File sharing used to be, it seems to me, a more onerous / technical aspect of computing: FTP servers & clients, etc. These days, with the advent of the Cloud and devices and ones-to-ones it seems that it is really just e-handing in, i.e. file sharing is now the way that students do (or should) submit, well, everything to their teacher. This begs the question, though, of how best to do it. Here are some thoughts (inspired by this post here that outlines a number of different services / approaches).

One distinction to be drawn initially: assignments that will be annotated / edited by me (e.g. full-blown papers) and assignments that only require either summative comments at the end or little to no comments (classwork, homework, etc.). Each yields

The easiest and most obvious way to collect assignments is via your CMS (course management system). We use ItsLearning, which does a nice job with collecting things, especially with its plagiarism control (which isn’t flawless but sends up some good red flags). Here’s what I don’t like about it: the downloading. When I grade papers, I use Word’s track changes. When my students submit in ItsLearning, I have to navigate to the assignment page and download the file before grading it. This is an extra step I can do without. I don’t mind it because of the convenience that ItsLearning provides, i.e. my students are familiar with it and are used to going there, but it’s still an extra step.

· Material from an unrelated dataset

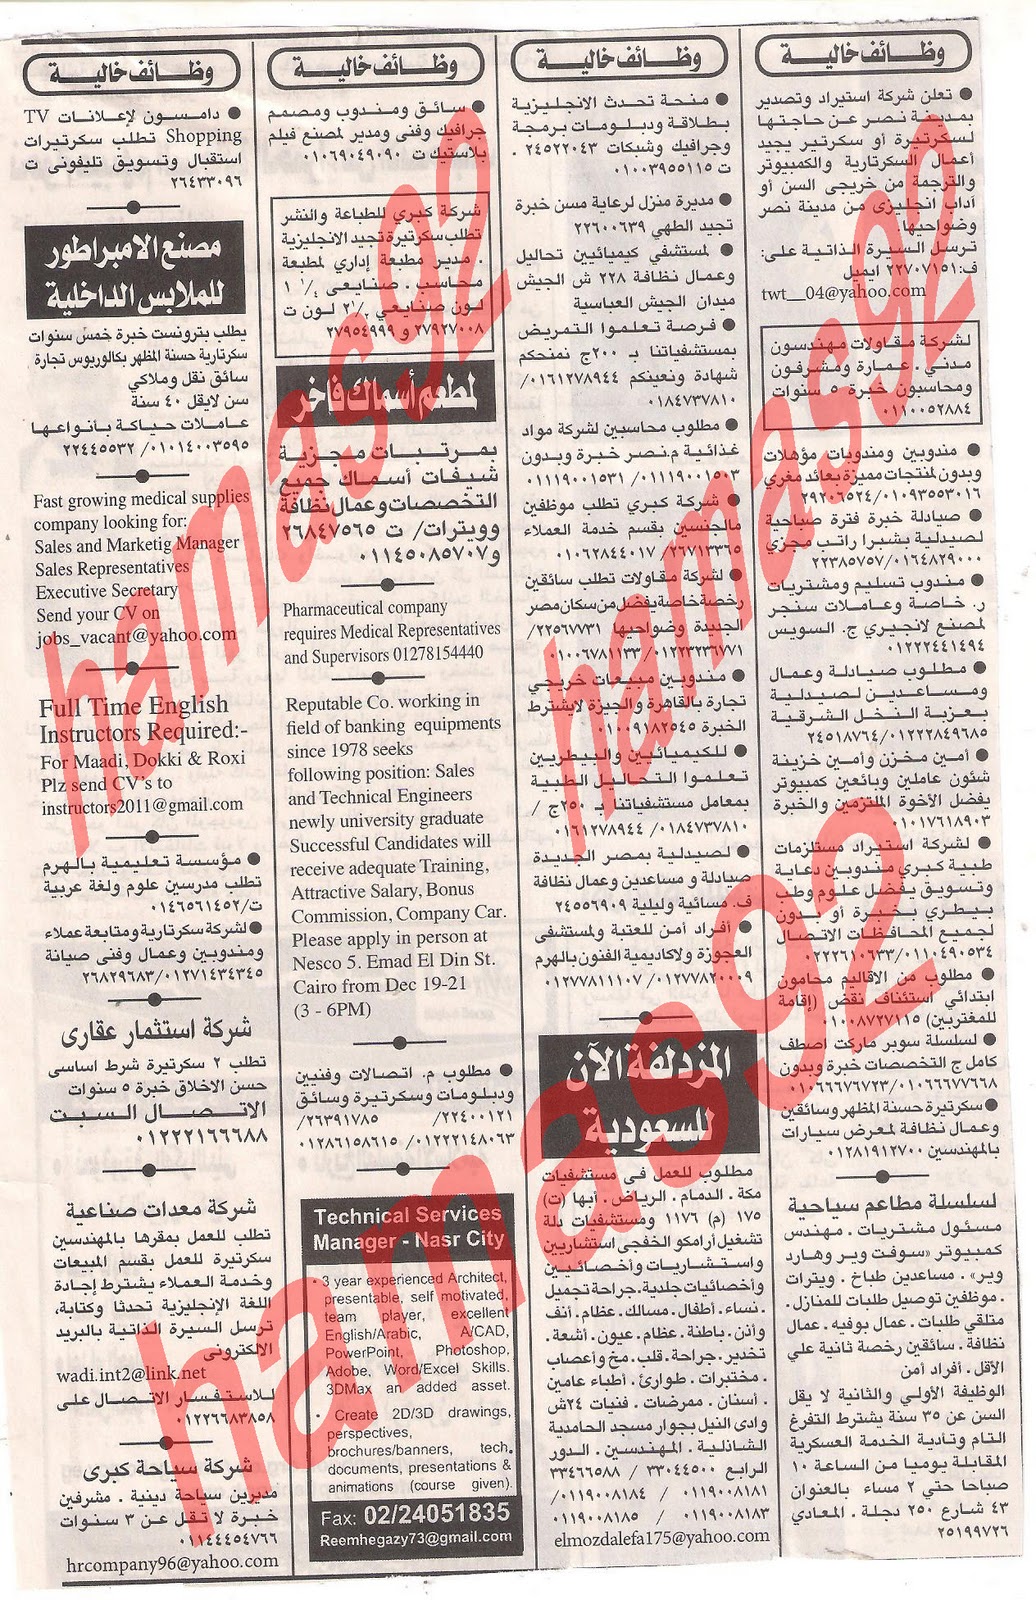 وظائف جريدة اهرام الجمعة 16 ديسمبر 2011 , الجزء الاول Picture+008
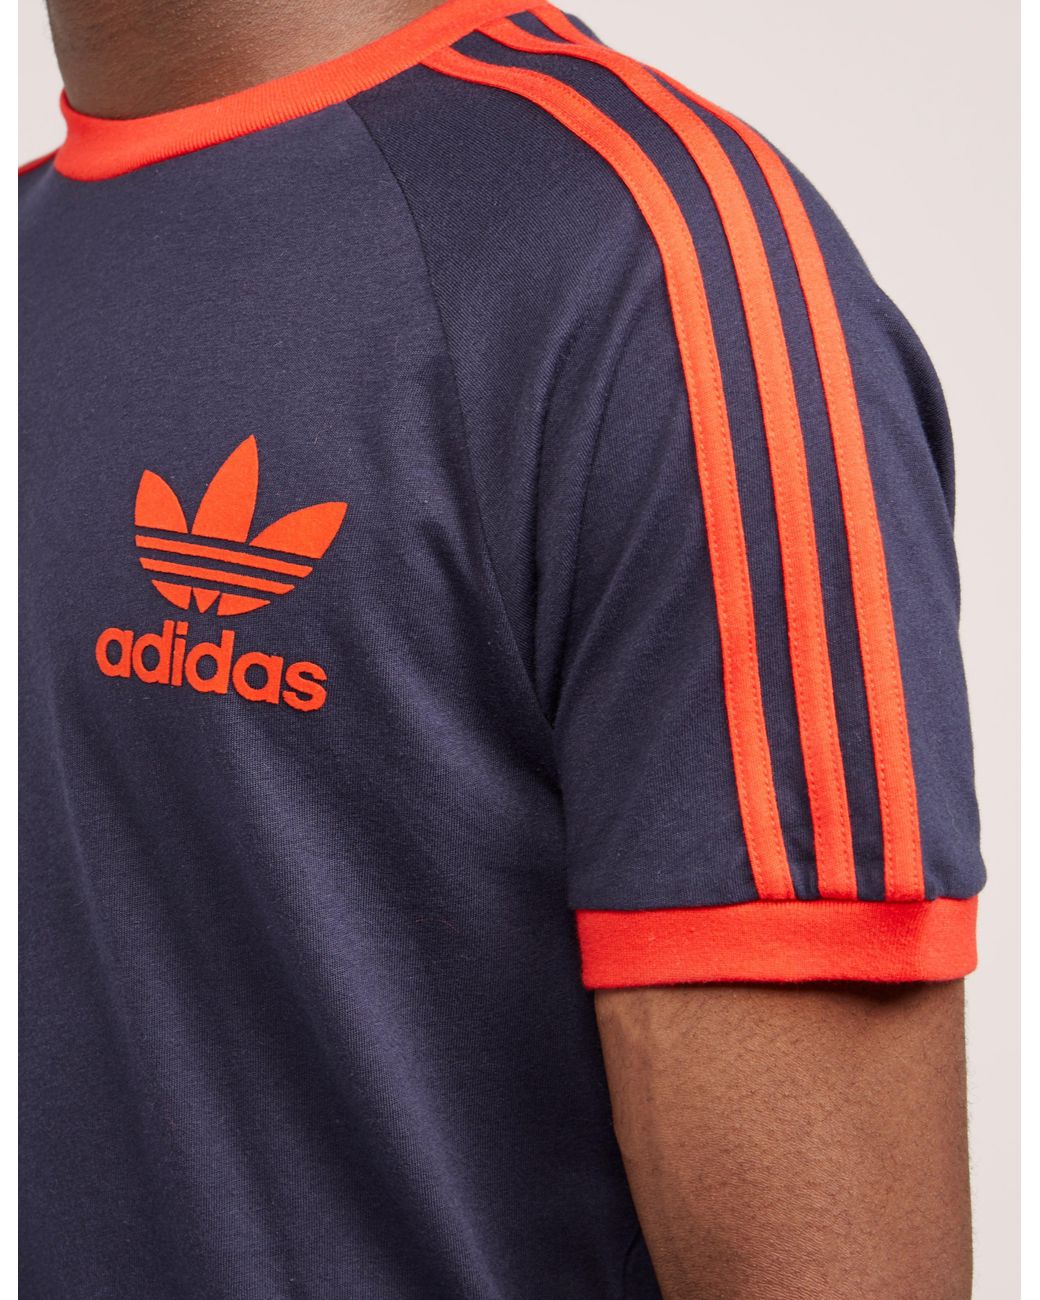 adidas Originals Mens California Short Sleeve T-shirt Navy/red in Blue for  Men | Lyst

I experimented this year with Dropbox shared folders (which I’ve blogged about before, as well as how much I dislike GoogleDocs for anything but collaboration; I’m intrigued by GoogleDrive but not holding out too much hope). I won’t rehash all of that, but Dropbox is a great way to collect things, especially the smaller assignments. Larger / more important ones (like papers) I don’t like to collect via Dropbox because the whole class has access to the folder. Not that I would expect them to tamper, but you never know; better safe than sorry. Dropbox for smaller assignments, however, is ideal because of its ease. If I’m collecting a half page reflection, the time it takes to download from ItsLearning is about the same time it would take me to read it. In addition, Dropbox on the iPad in landscape mode allows you to see the list of files at left and the files themselves at right, so no double clicking and opening everything; just tap, read, tap, read, etc. (This can be mimicked to some extent in the Mac’s Finder: highlight the first file, use the spacebar preview to open a quick version, and use the arrow keys to move to subsequent files.)

One option I liked from the blog post lined above was FileStork. Here’s the description from the blog above: “File Stork is a tool that works with Dropbox and allows you to collect files in two ways. You can make an individual file request by sending an email to someone. The other way, and the more practical way for teachers, is to create a “stand alone” request which will allow you to post an upload link on your blog or website. Visitors can then use that link to upload a file to your Dropbox where you can view it and download it if you like. File Stork allows you to specify an upload password and allows you to specify which types of files you will allow to be uploaded to your Dropbox. People uploading files to your Dropbox through File Stork do not have access to any of the files in your account.” Here’s the problem. It seems not to exist anymore. Filestork.com is a pay service whose logo is different from the one on the blog, and filestork.net seems to have been hacked or taken down (blank screen with Hi in the title bar); the link on the blog doesn’t open. And indeed it seems that as of June 15, 2012, Filestork is no more. (The link on the Tweet doesn’t work.) So if anyone wants to recreate it, I’d be all for it.